Even swallowing was an effort. “Just … done what anyone would do.”
“You remind me of an old friend of ours,” said Father Yarvi. “Strong arm. Strong heart.”
“One stroke at a time,” said Rulf, voice a little choked.
Brand looked down at what the minister was doing and felt a surge of sickness. The rope-burns coiled up his arms like red snakes around white branches, raw and bloody.
“Does it hurt?”
“Just a tingle.”
“Just a damn tingle!” bellowed Odda. “You hear that? What rhymes with tingle?”
“It’ll hurt soon enough,” said Father Yarvi. “And leave you some scars.”
“Marks of a great deed,” murmured Fror who, when it came to scars, had to be reckoned an expert. “Hero’s marks.”
Brand winced as Yarvi wound the bandages around his forearms, the cuts burning like fury now. “Some hero,” he muttered, as Thorn helped him sit up. “I fought a rope and lost.”
“No.” Father Yarvi slid a pin through the bandages and put his withered hand on Brand’s shoulder. “You fought a ship. And won. Put this under your tongue.” And he slipped a dried leaf into Brand’s mouth. “It’ll help with the pain.”
“The knot slipped,” said Dosduvoi, blinking at the frayed end of his rope. “What kind of awful luck is that?”
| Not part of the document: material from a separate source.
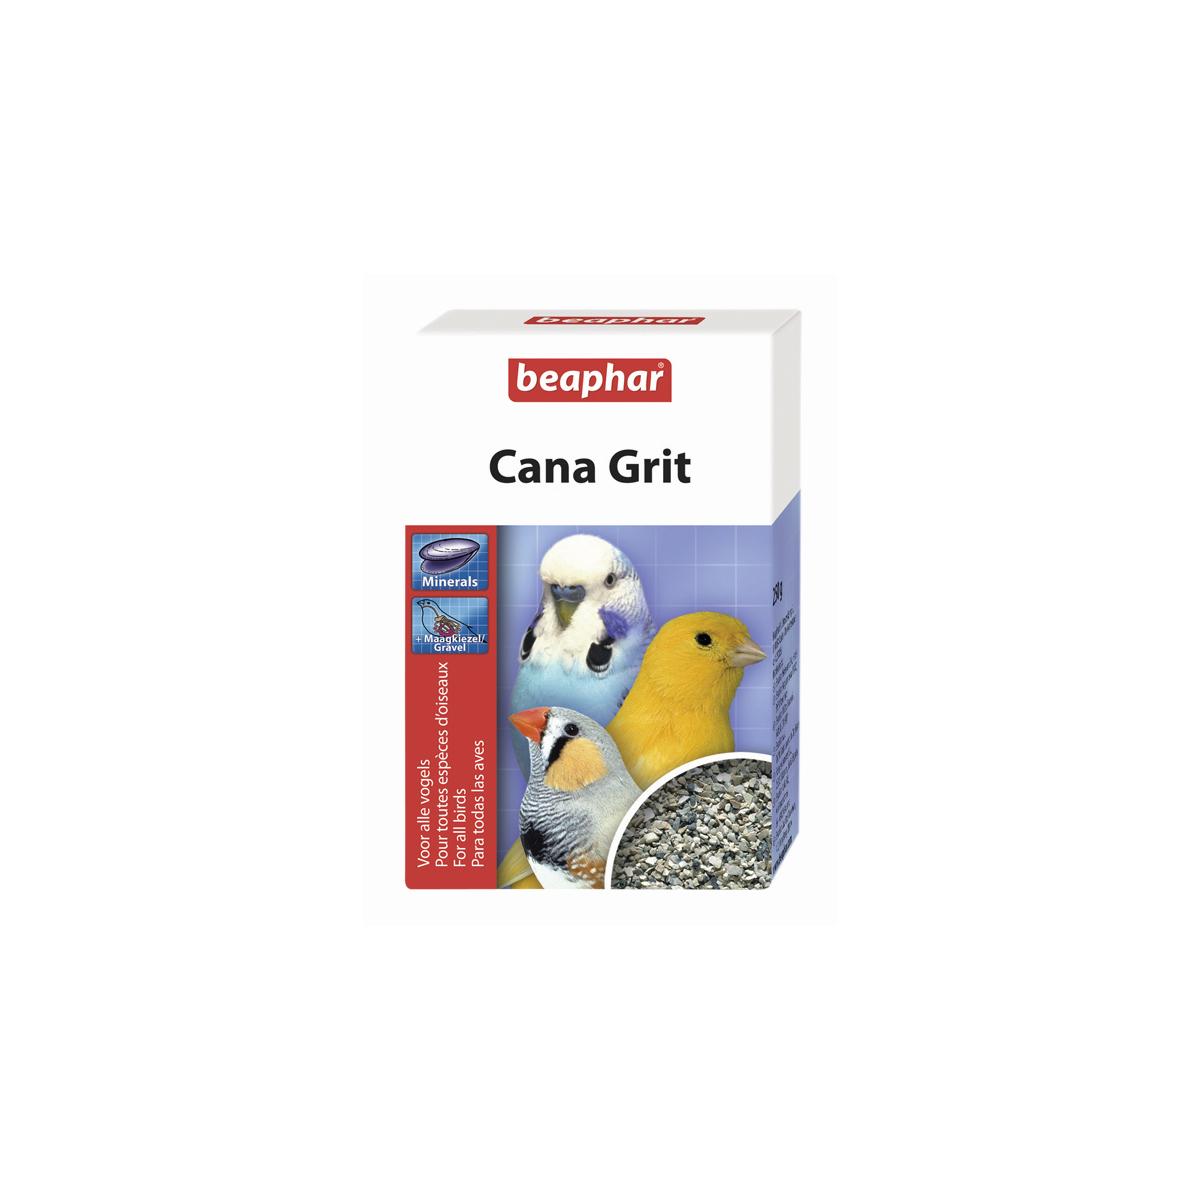 BEA CANA GRIT 250GR J 00003

“The kind that afflicts men who don’t check their knots,” said Father Yarvi, glaring at him. “Safrit, make space for Brand in the wagon. Koll, you stay with him. Make sure he’s moved to perform no further heroics.”
Safrit made a bed among the supplies from the crew’s blankets. Brand tried to tell her he could walk but they could all see he couldn’t.
“You’ll lie there and you’ll like it!” she snapped, her pointed finger in his face.
So that was that. Koll perched on a barrel beside him and the wagon set lurching off down the slope, Brand wincing at every jolt.
“You saved my life,” muttered the lad, after a while.
“You’re quick. You’d have got out of the way.”
“No I wouldn’t. I was looking through the Last Door. Let me thank you, at least.”
They looked at each other for a moment. “Fair enough,” said Brand. “I’m thanked.”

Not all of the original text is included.